• Activity:
Please, from the entries below, transcribe exactly the lines that begin at the line with "Ville di hotel ecoturismo a Creta Grecia" and end at the line with "UP Kanya Sumangala", without the pictures.

• Data to examine:
=== Section Start ===

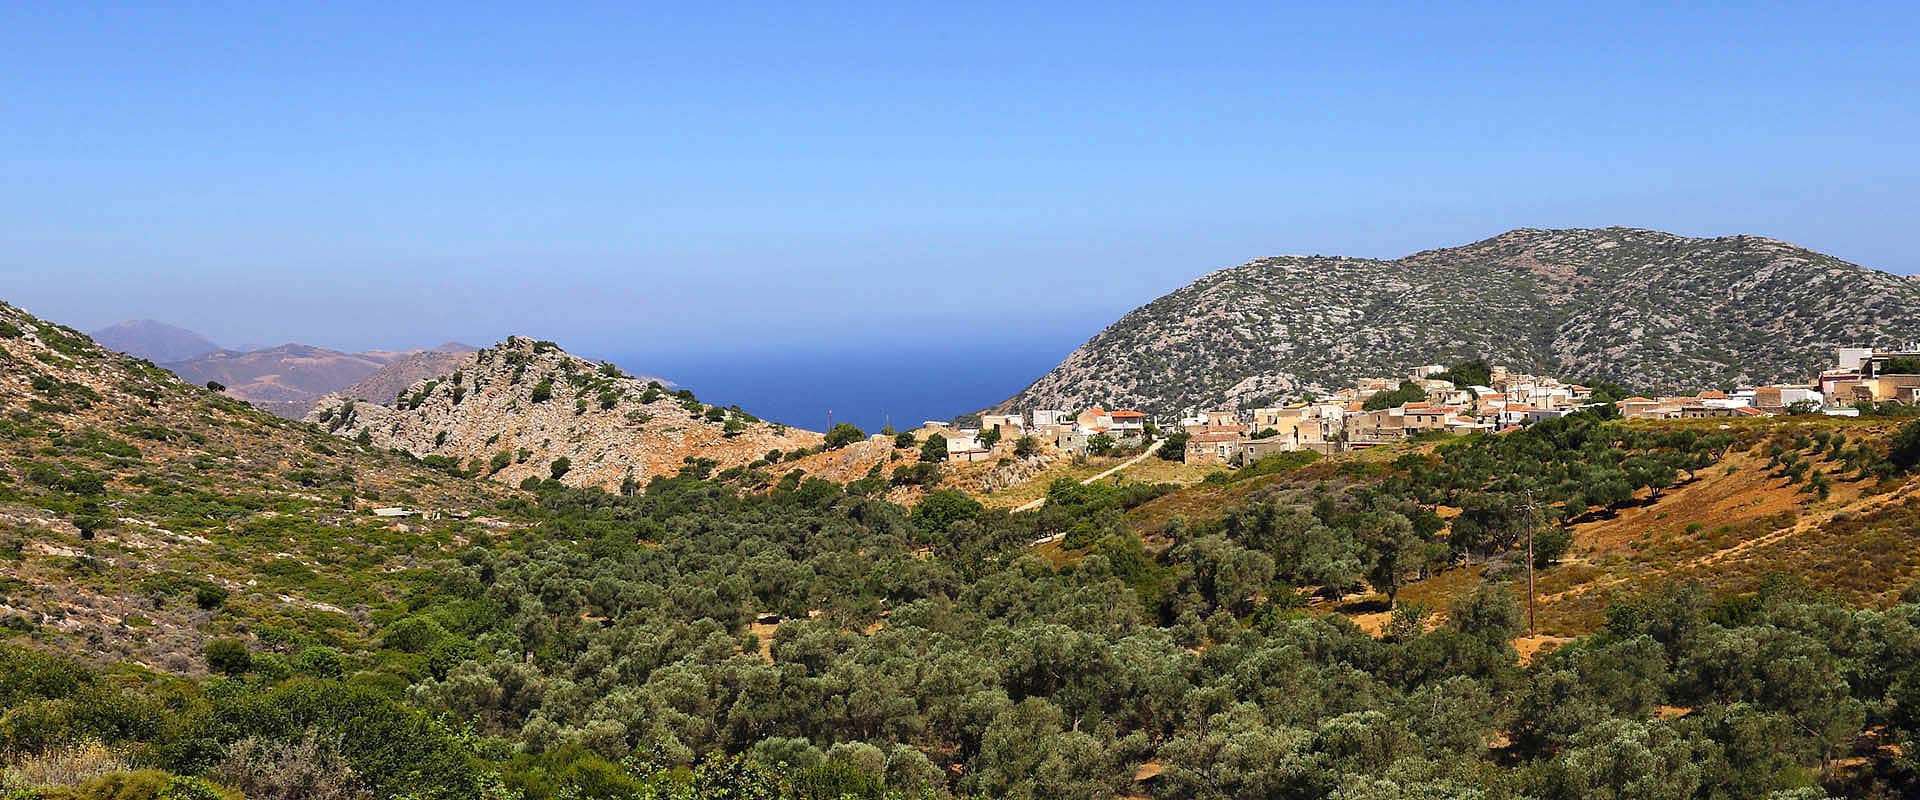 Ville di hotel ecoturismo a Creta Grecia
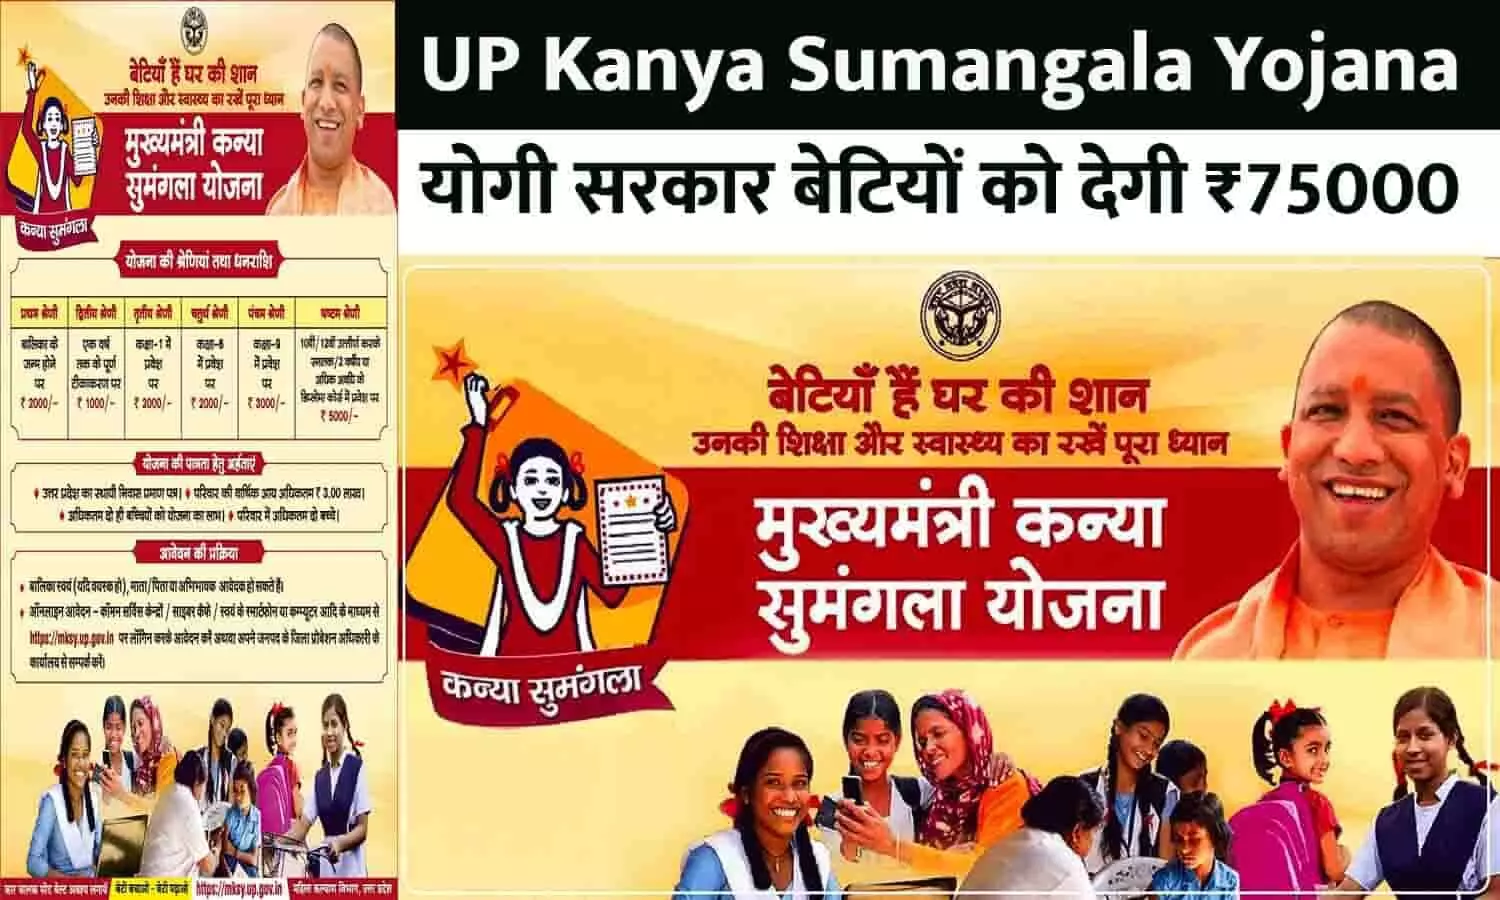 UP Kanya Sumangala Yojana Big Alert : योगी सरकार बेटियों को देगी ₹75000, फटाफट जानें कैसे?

=== Section End ===
=== Section Start ===

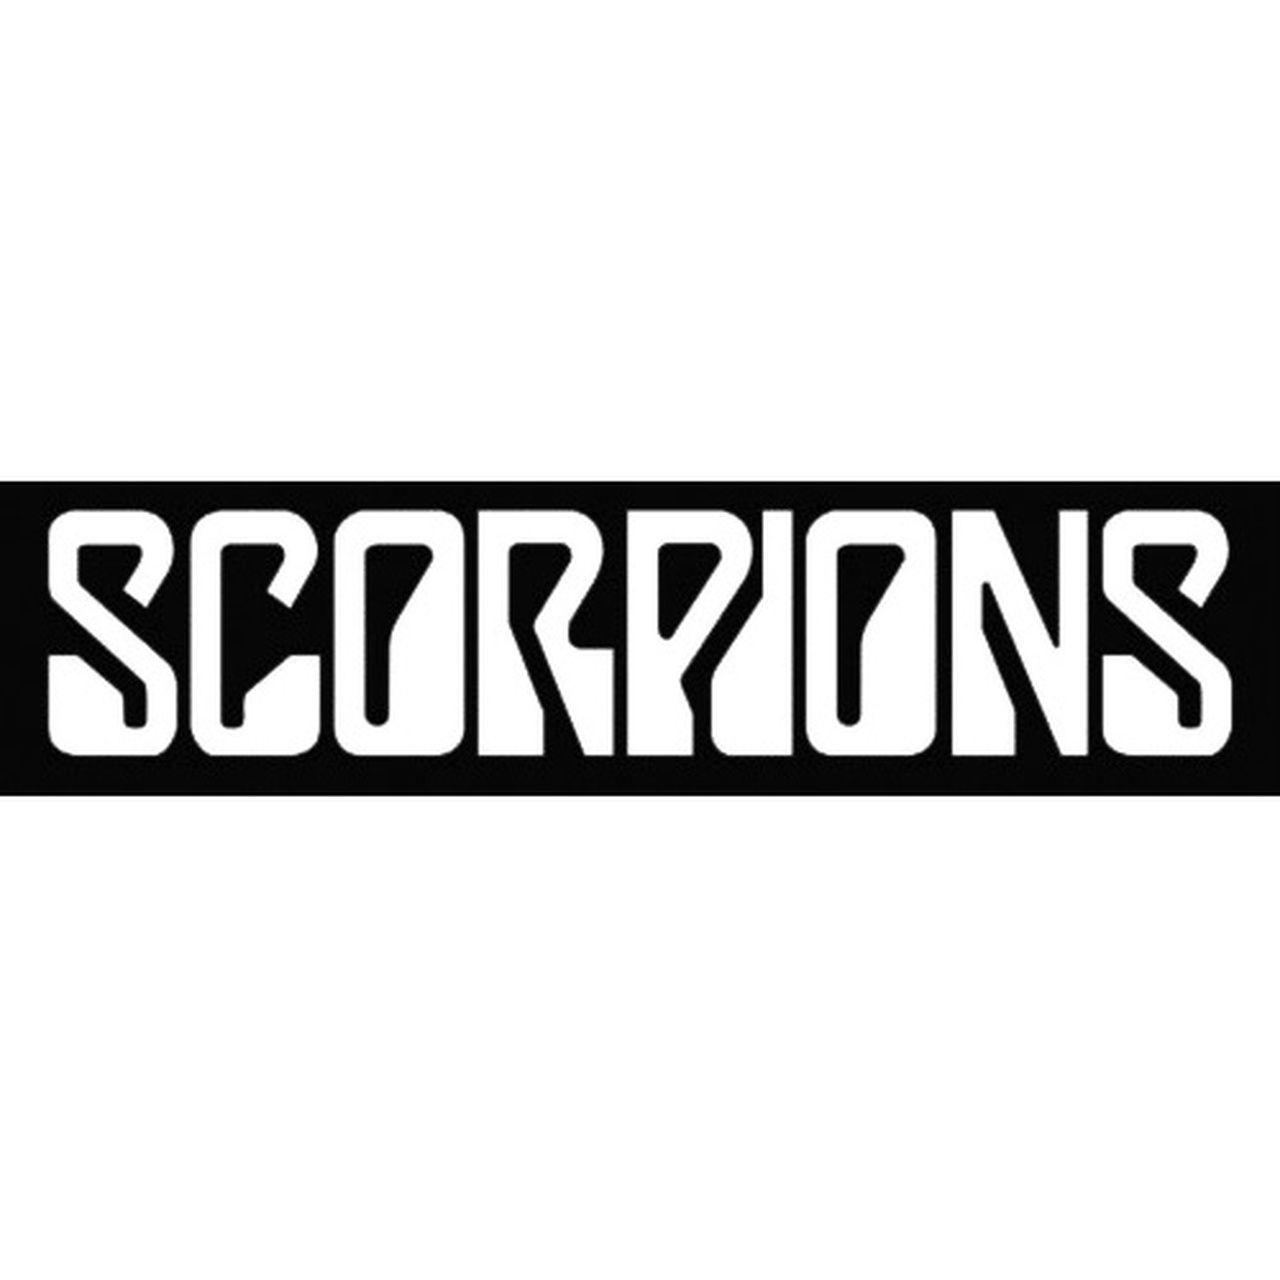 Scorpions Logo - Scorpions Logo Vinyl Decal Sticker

=== Section End ===
=== Section Start ===

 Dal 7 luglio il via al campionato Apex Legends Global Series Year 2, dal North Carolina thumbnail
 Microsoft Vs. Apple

=== Section End ===

• Response box:
 Ville di hotel ecoturismo a Creta Grecia
 UP Kanya Sumangala Yojana Big Alert : योगी सरकार बेटियों को देगी ₹75000, फटाफट जानें कैसे?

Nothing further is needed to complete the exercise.